### Dataset excerpt ###

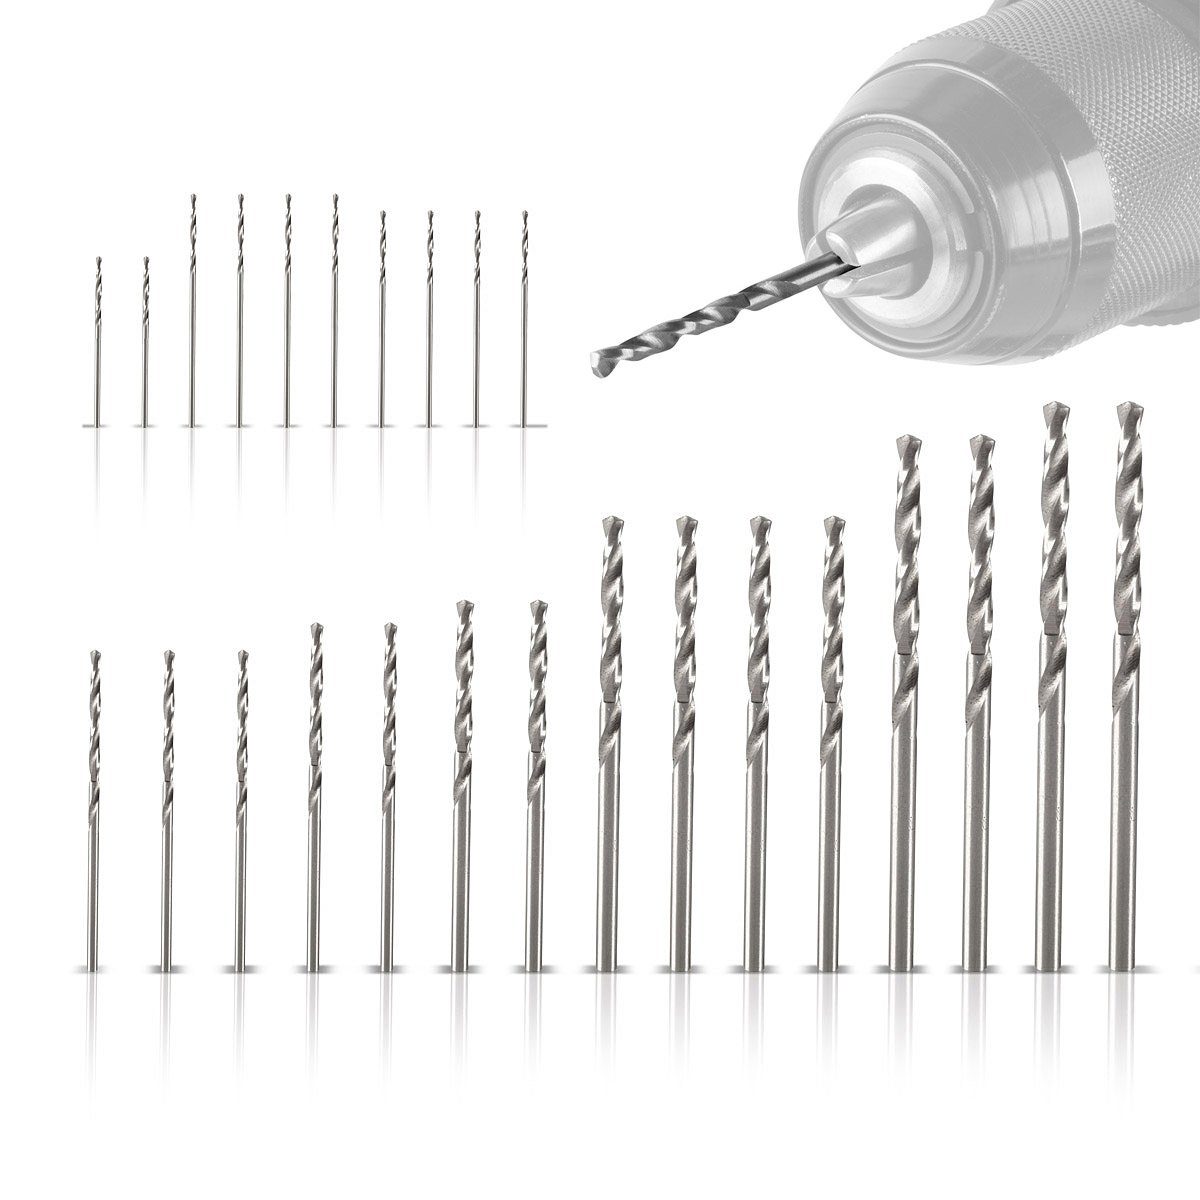 STAHLWERK Bohrersatz HSS Mini Bohrer Set 25 Teile 0,5-3,0 mm, (Set, 25-tlg), Mikro Metallbohrer / Spiralbohrer zum präzisen Bohren
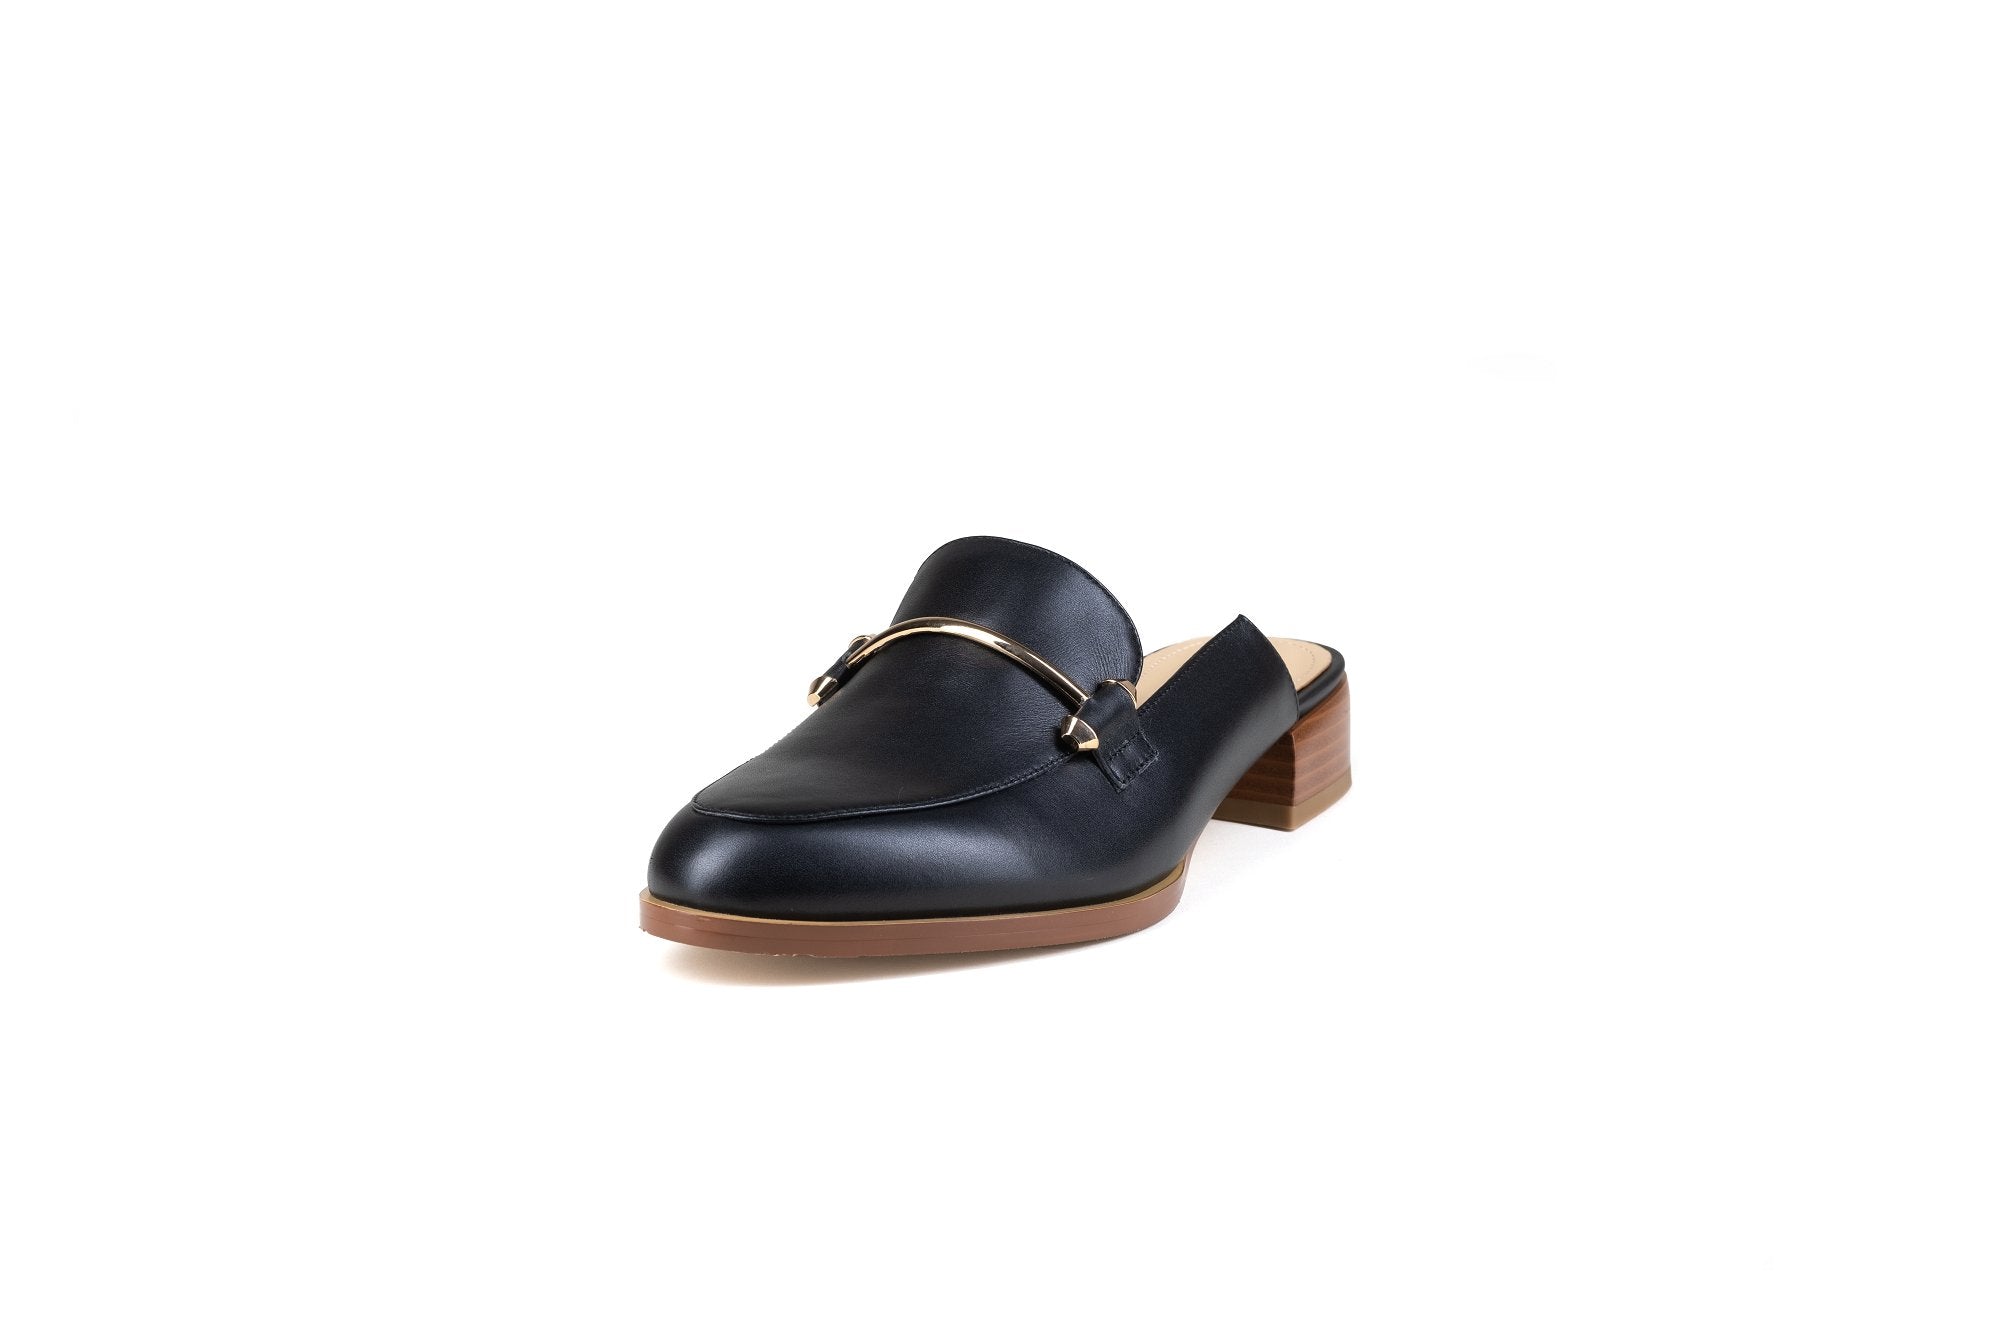 Aria Flat Mule Black Flats by Sole Shoes NZ F22-36
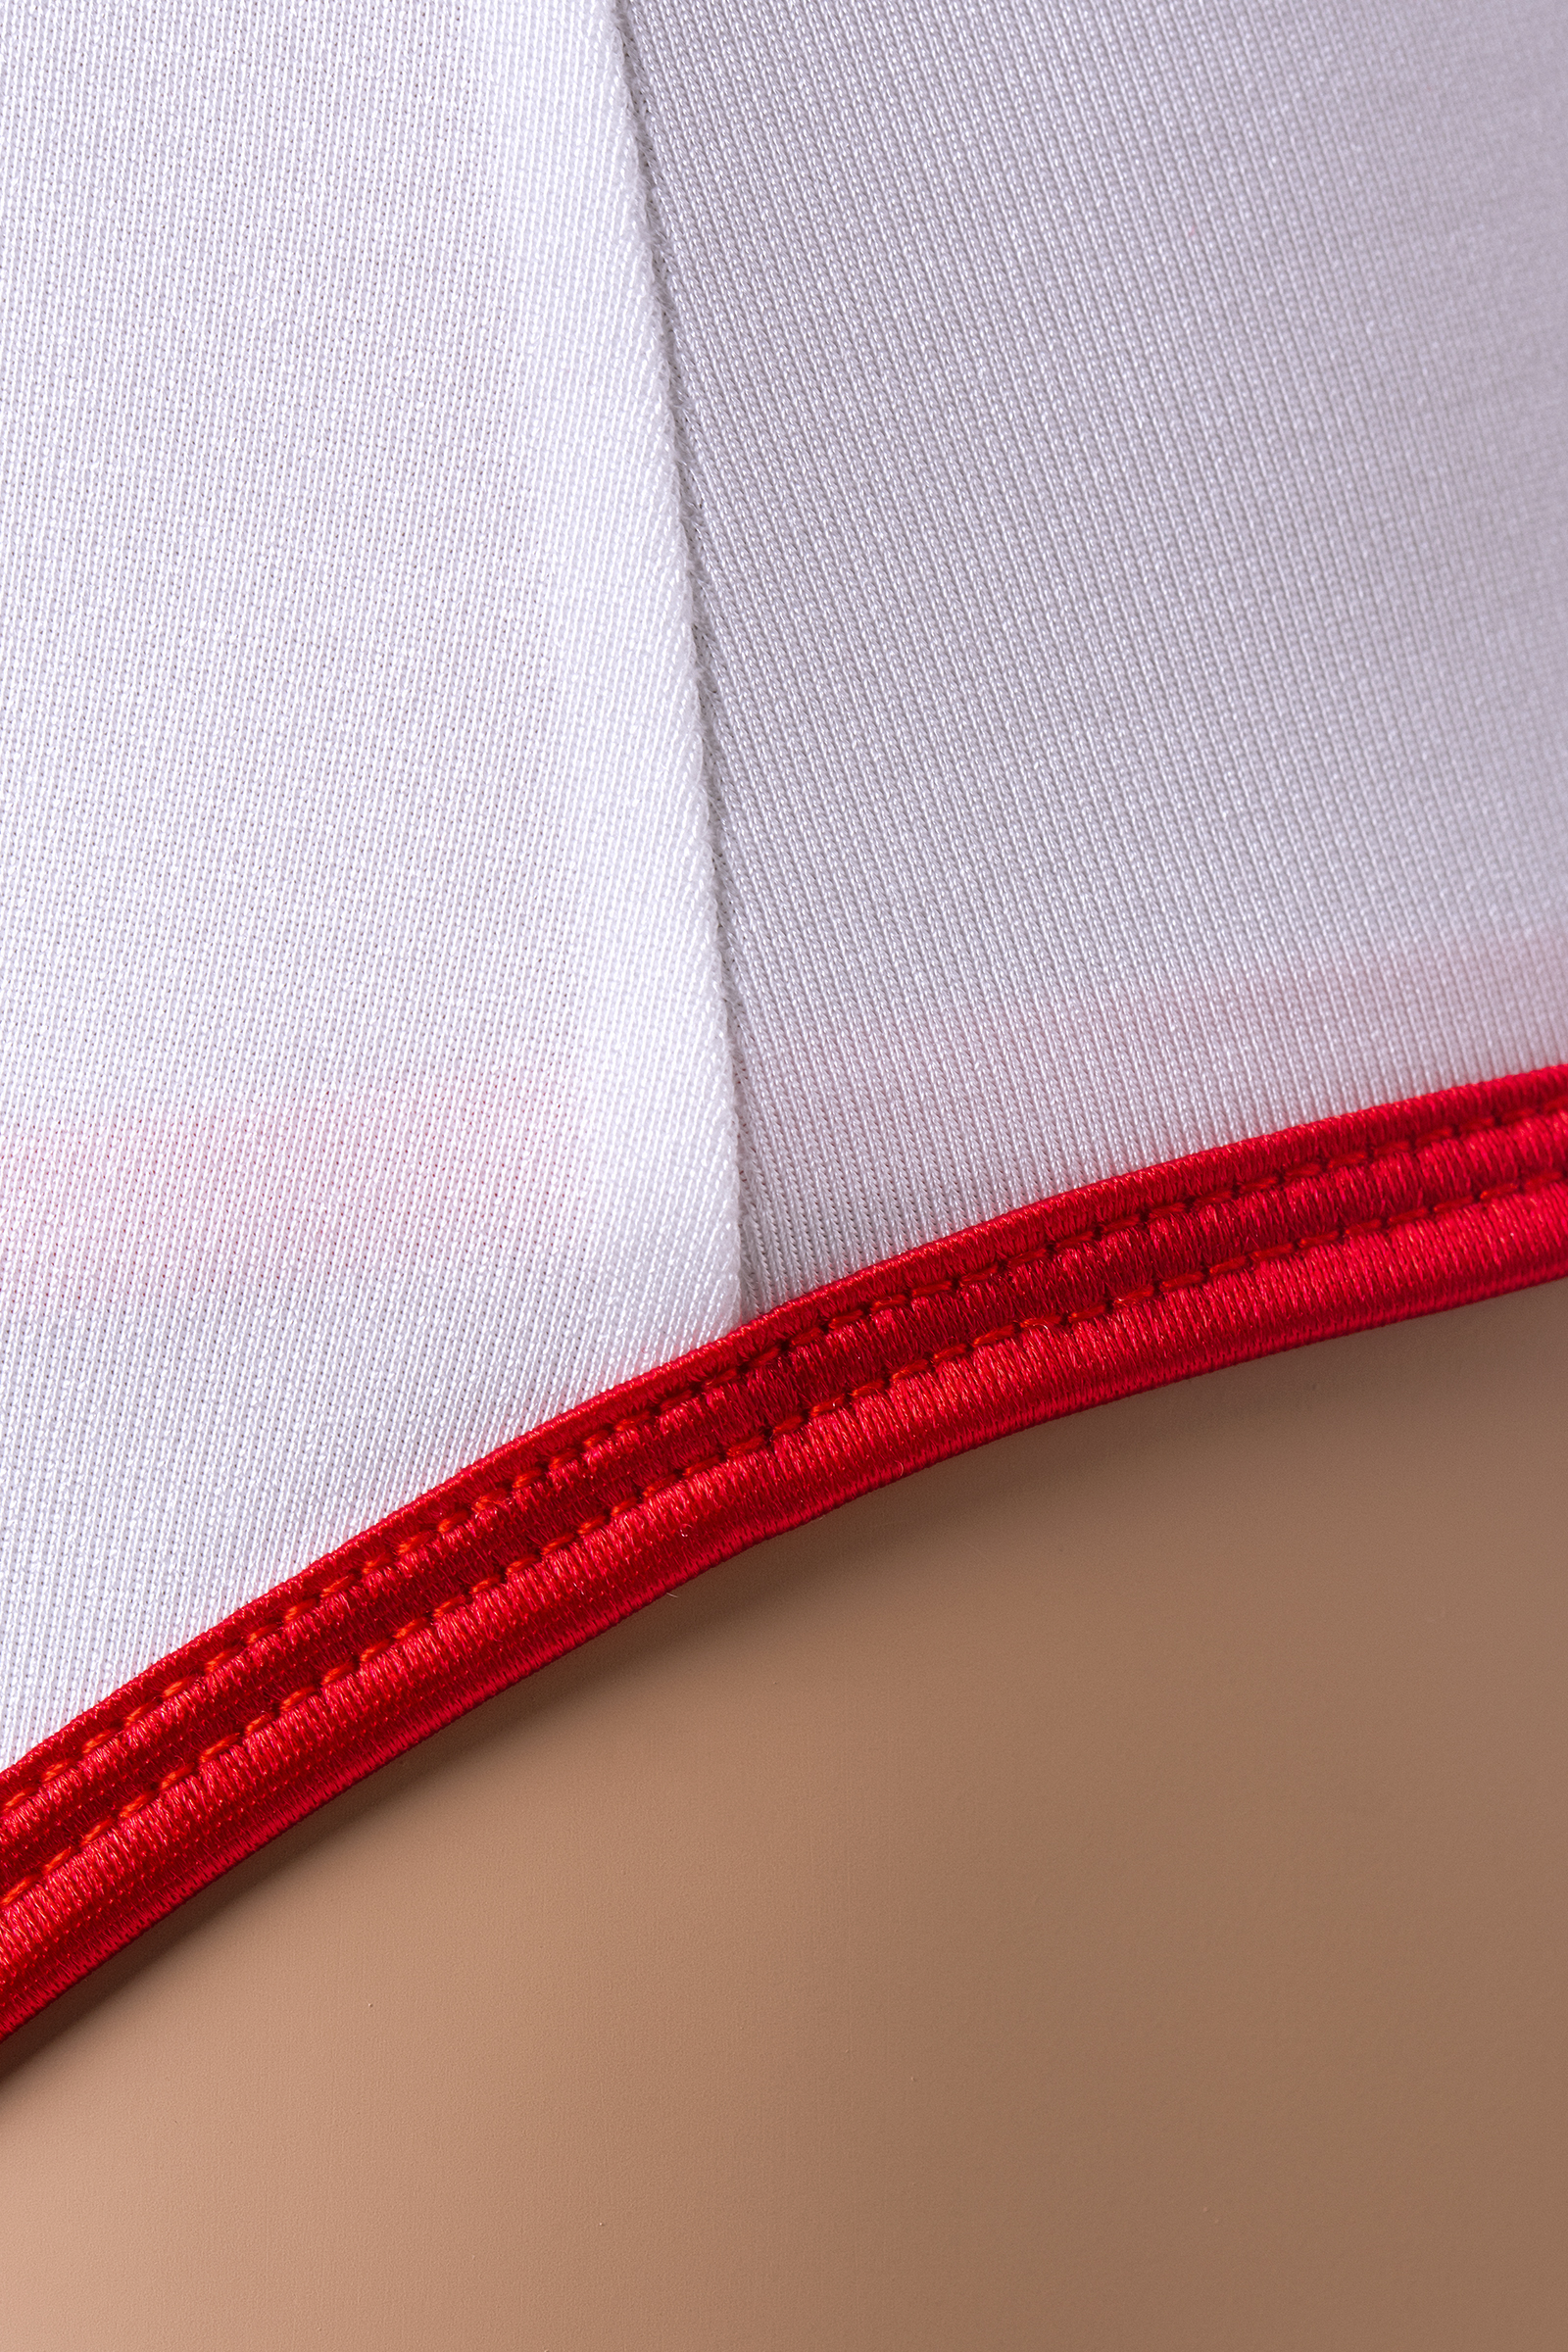 Костюм медсестры Candy Girl Leann (топ, стринги, чулки), бело-красный, OS. Фото N8

###

- **Exercise aim**
Without the pictures, repeat every line of the material above exactly.

- **Response to this exercise**
 STAHLWERK Bohrersatz HSS Mini Bohrer Set 25 Teile 0,5-3,0 mm, (Set, 25-tlg), Mikro Metallbohrer / Spiralbohrer zum präzisen Bohren
 Aria Flat Mule Black Flats by Sole Shoes NZ F22-36
 Костюм медсестры Candy Girl Leann (топ, стринги, чулки), бело-красный, OS. Фото N8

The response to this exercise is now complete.